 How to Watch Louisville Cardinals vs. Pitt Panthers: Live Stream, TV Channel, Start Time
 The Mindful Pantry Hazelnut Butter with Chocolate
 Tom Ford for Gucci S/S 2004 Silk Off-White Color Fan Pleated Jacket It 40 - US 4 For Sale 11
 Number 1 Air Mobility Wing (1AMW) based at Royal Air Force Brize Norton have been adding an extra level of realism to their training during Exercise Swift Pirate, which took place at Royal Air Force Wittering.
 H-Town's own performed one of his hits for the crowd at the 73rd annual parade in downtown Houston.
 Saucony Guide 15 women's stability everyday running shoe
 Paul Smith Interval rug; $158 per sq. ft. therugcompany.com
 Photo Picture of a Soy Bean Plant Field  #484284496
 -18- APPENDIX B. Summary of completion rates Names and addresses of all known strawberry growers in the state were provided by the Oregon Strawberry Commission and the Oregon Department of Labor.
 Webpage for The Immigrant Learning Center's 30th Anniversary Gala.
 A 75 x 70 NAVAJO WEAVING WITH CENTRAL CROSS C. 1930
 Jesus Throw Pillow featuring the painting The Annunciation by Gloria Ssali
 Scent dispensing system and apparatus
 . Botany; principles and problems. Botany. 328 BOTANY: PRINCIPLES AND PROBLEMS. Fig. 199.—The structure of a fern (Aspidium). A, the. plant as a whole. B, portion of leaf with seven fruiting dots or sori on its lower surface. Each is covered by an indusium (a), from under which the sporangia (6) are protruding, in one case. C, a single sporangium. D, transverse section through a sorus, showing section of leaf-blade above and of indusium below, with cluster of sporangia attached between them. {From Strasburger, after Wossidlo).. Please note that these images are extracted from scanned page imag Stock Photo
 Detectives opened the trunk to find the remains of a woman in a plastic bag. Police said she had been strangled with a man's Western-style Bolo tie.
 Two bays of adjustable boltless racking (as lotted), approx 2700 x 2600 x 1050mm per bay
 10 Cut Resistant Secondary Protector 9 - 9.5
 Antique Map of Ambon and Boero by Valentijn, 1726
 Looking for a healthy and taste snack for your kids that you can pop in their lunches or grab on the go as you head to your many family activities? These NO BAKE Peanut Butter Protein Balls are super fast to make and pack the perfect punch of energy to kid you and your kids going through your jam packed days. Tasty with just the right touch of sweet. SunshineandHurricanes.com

__What to produce__: The full set of records above must be reproduced exactly in the reply.

__Answer section__:
 How to Watch Louisville Cardinals vs. Pitt Panthers: Live Stream, TV Channel, Start Time
 The Mindful Pantry Hazelnut Butter with Chocolate
 Tom Ford for Gucci S/S 2004 Silk Off-White Color Fan Pleated Jacket It 40 - US 4 For Sale 11
 Number 1 Air Mobility Wing (1AMW) based at Royal Air Force Brize Norton have been adding an extra level of realism to their training during Exercise Swift Pirate, which took place at Royal Air Force Wittering.
 H-Town's own performed one of his hits for the crowd at the 73rd annual parade in downtown Houston.
 Saucony Guide 15 women's stability everyday running shoe
 Paul Smith Interval rug; $158 per sq. ft. therugcompany.com
 Photo Picture of a Soy Bean Plant Field  #484284496
 -18- APPENDIX B. Summary of completion rates Names and addresses of all known strawberry growers in the state were provided by the Oregon Strawberry Commission and the Oregon Department of Labor.
 Webpage for The Immigrant Learning Center's 30th Anniversary Gala.
 A 75 x 70 NAVAJO WEAVING WITH CENTRAL CROSS C. 1930
 Jesus Throw Pillow featuring the painting The Annunciation by Gloria Ssali
 Scent dispensing system and apparatus
 . Botany; principles and problems. Botany. 328 BOTANY: PRINCIPLES AND PROBLEMS. Fig. 199.—The structure of a fern (Aspidium). A, the. plant as a whole. B, portion of leaf with seven fruiting dots or sori on its lower surface. Each is covered by an indusium (a), from under which the sporangia (6) are protruding, in one case. C, a single sporangium. D, transverse section through a sorus, showing section of leaf-blade above and of indusium below, with cluster of sporangia attached between them. {From Strasburger, after Wossidlo).. Please note that these images are extracted from scanned page imag Stock Photo
 Detectives opened the trunk to find the remains of a woman in a plastic bag. Police said she had been strangled with a man's Western-style Bolo tie.
 Two bays of adjustable boltless racking (as lotted), approx 2700 x 2600 x 1050mm per bay
 10 Cut Resistant Secondary Protector 9 - 9.5
 Antique Map of Ambon and Boero by Valentijn, 1726
 Looking for a healthy and taste snack for your kids that you can pop in their lunches or grab on the go as you head to your many family activities? These NO BAKE Peanut Butter Protein Balls are super fast to make and pack the perfect punch of energy to kid you and your kids going through your jam packed days. Tasty with just the right touch of sweet. SunshineandHurricanes.com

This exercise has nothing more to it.